• _SOURCE MATERIAL_
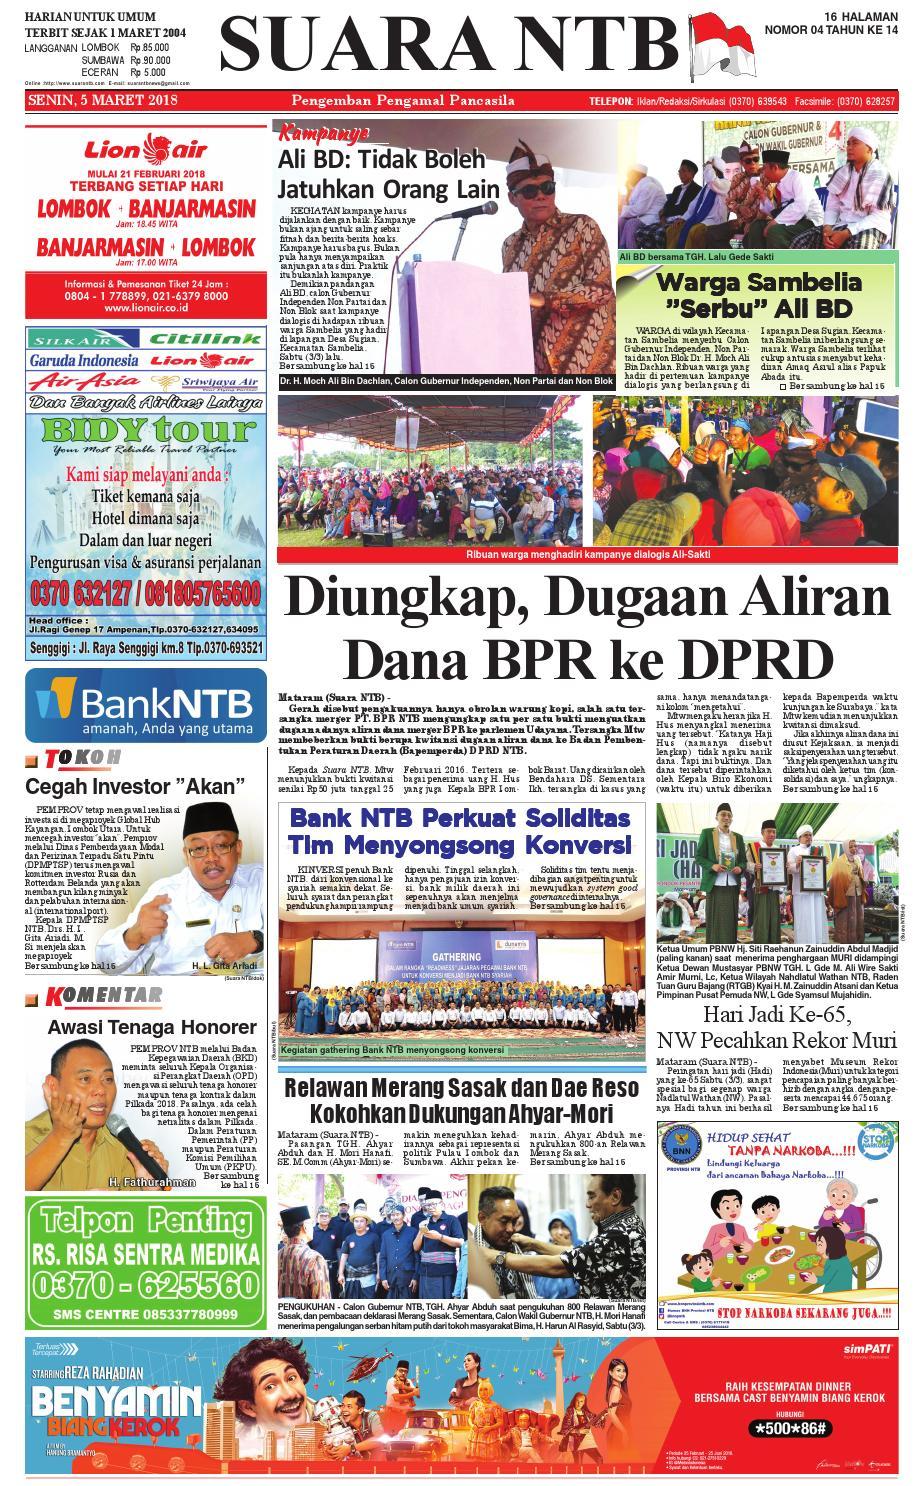 Edisi Senin 05 Maret 2018 Suara Ntb Paper Kmb Issuu
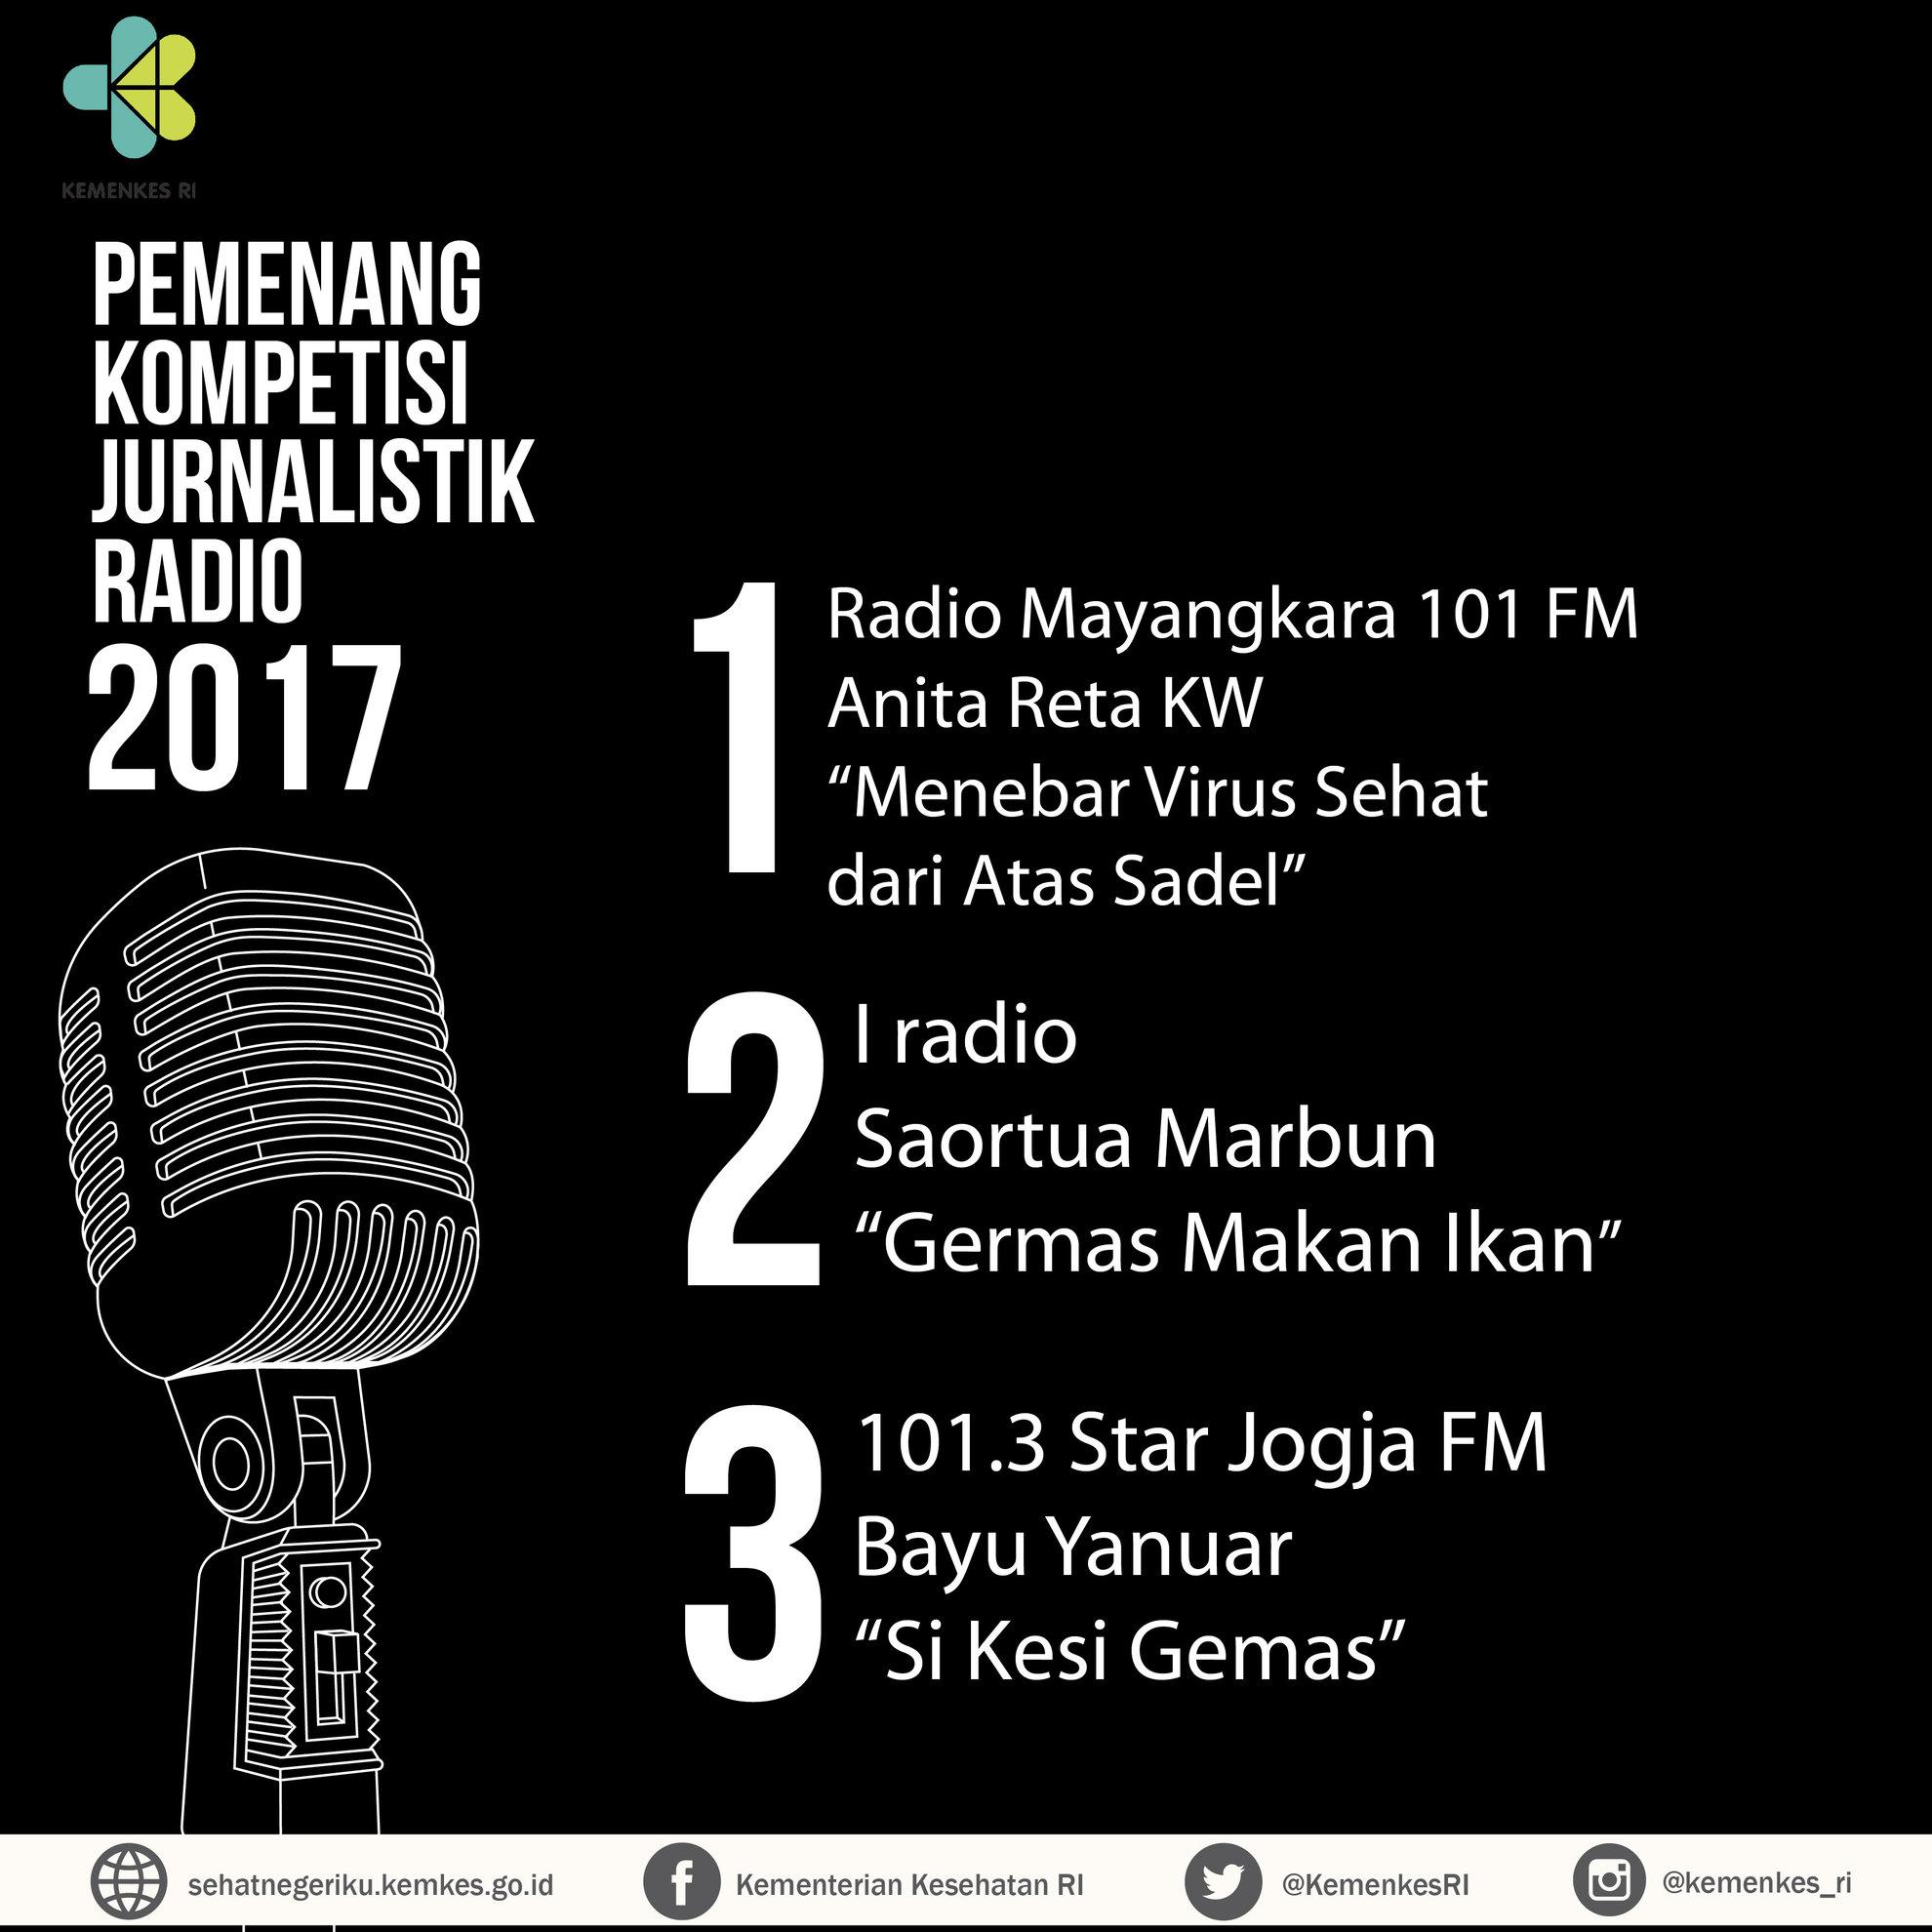 komjur-radio-pemenang-01
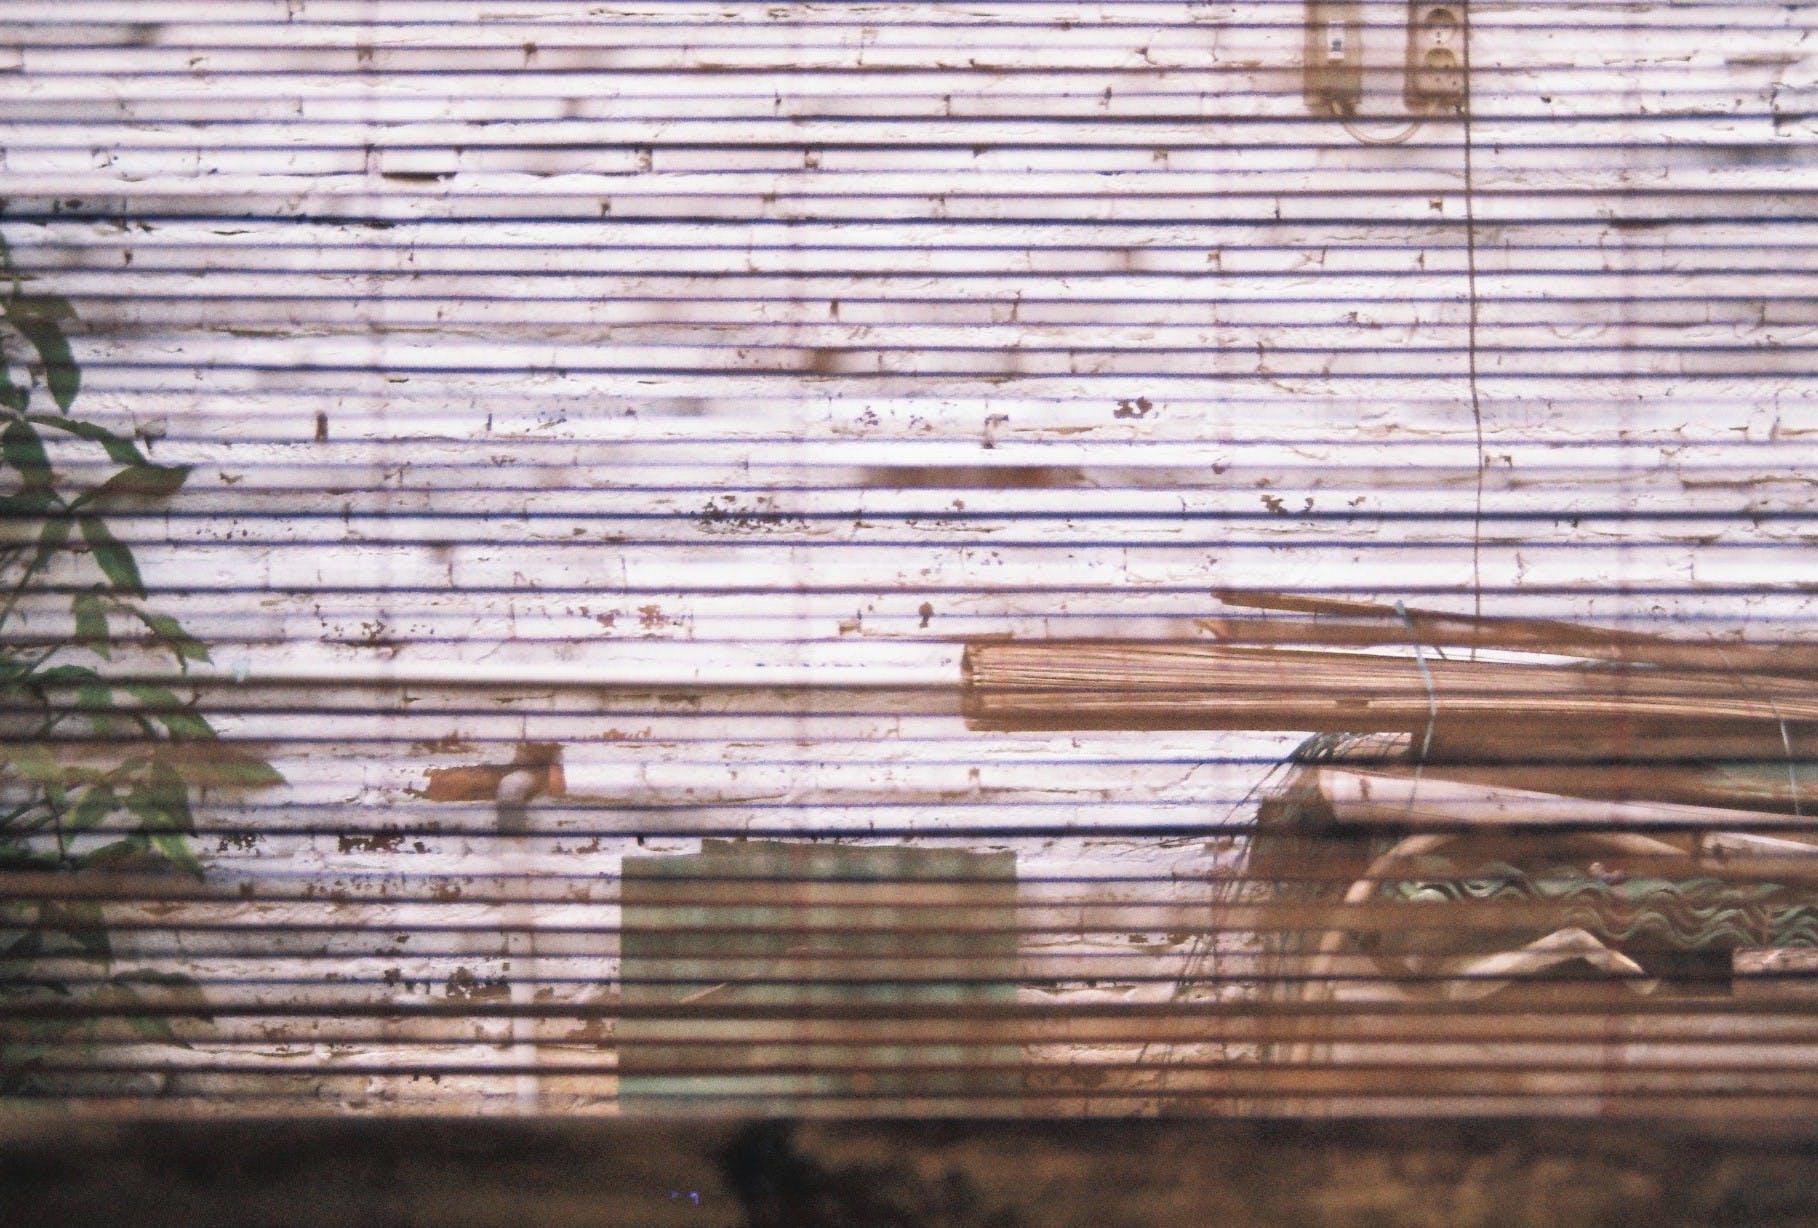 Free stock photo of analog, analog camera, bamboo, film photography

• _WHAT THE EXERCISE ASKS_
Would you set down the material exactly as it stands, without the pictures?

• _OUTPUT OF THE TASK_
 Edisi Senin 05 Maret 2018 Suara Ntb Paper Kmb Issuu
 komjur-radio-pemenang-01
 Free stock photo of analog, analog camera, bamboo, film photography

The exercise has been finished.